# [What the exercise asks]
Return only that part of the material below which starts with the line containing "RADWIN Manager Community" and goes on through the line containing "Sacred Ibis Flying, Robben", restated exactly.

** Material for the task follows **

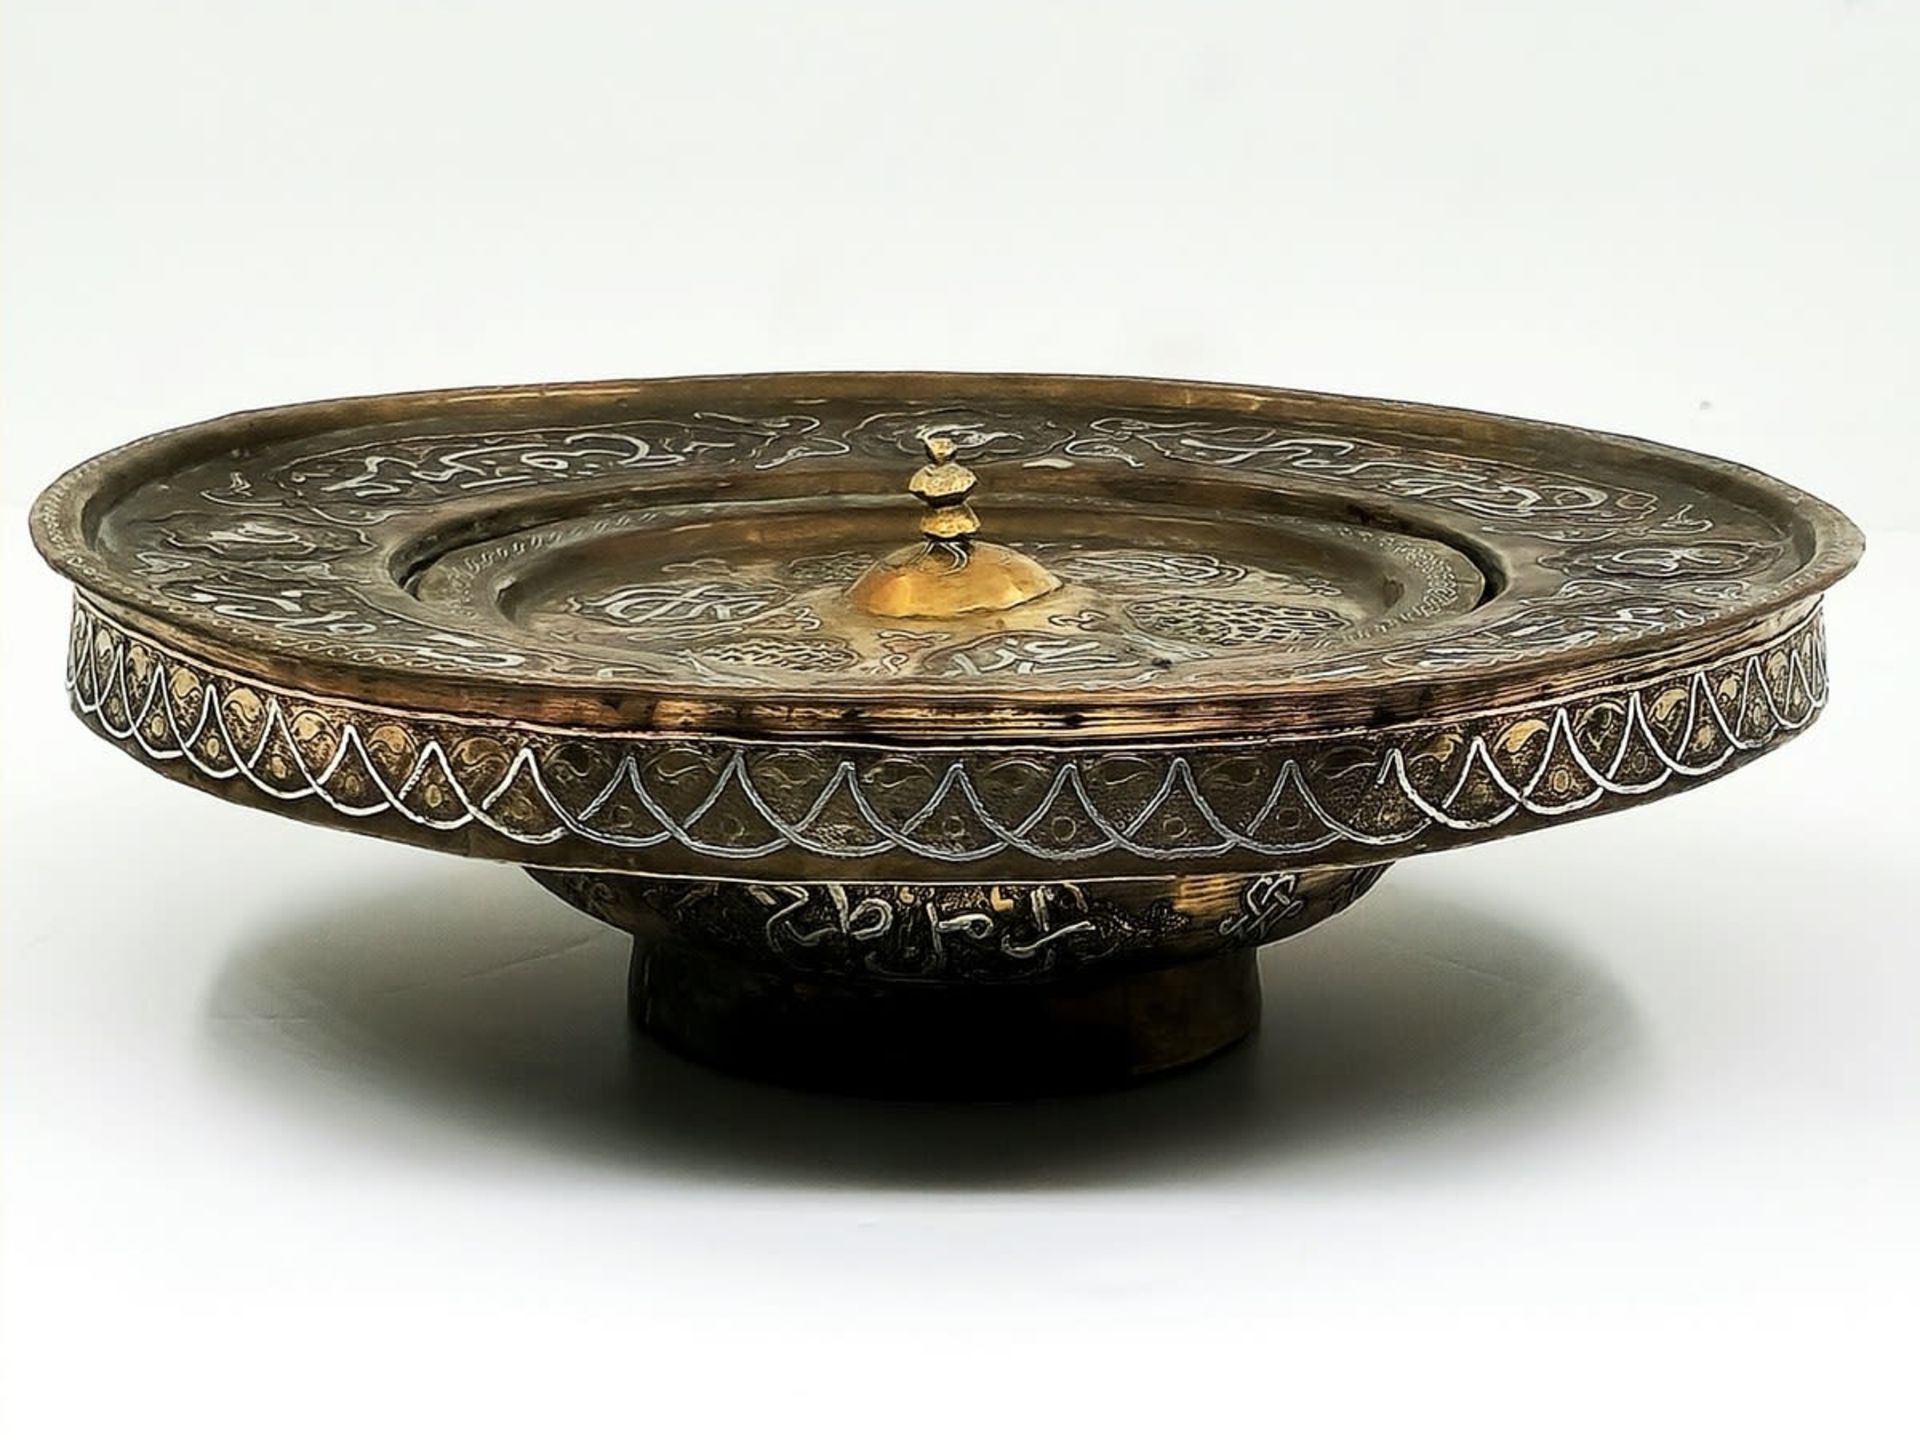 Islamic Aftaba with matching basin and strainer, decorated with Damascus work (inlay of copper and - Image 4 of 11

** End of Material for the task **
** Material for the task follows **

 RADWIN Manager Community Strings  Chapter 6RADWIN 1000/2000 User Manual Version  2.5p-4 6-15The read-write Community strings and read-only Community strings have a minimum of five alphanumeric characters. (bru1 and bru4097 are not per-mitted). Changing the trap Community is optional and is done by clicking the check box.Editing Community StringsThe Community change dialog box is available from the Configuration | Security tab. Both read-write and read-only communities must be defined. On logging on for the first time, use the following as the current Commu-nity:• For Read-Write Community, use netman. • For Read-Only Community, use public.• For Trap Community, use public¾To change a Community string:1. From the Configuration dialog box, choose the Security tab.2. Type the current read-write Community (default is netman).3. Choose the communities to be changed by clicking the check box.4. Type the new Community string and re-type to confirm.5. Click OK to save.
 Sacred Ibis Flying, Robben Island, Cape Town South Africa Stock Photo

** End of Material for the task **

# [Solution to the exercise]
 RADWIN Manager Community Strings  Chapter 6RADWIN 1000/2000 User Manual Version  2.5p-4 6-15The read-write Community strings and read-only Community strings have a minimum of five alphanumeric characters. (bru1 and bru4097 are not per-mitted). Changing the trap Community is optional and is done by clicking the check box.Editing Community StringsThe Community change dialog box is available from the Configuration | Security tab. Both read-write and read-only communities must be defined. On logging on for the first time, use the following as the current Commu-nity:• For Read-Write Community, use netman. • For Read-Only Community, use public.• For Trap Community, use public¾To change a Community string:1. From the Configuration dialog box, choose the Security tab.2. Type the current read-write Community (default is netman).3. Choose the communities to be changed by clicking the check box.4. Type the new Community string and re-type to confirm.5. Click OK to save.
 Sacred Ibis Flying, Robben Island, Cape Town South Africa Stock Photo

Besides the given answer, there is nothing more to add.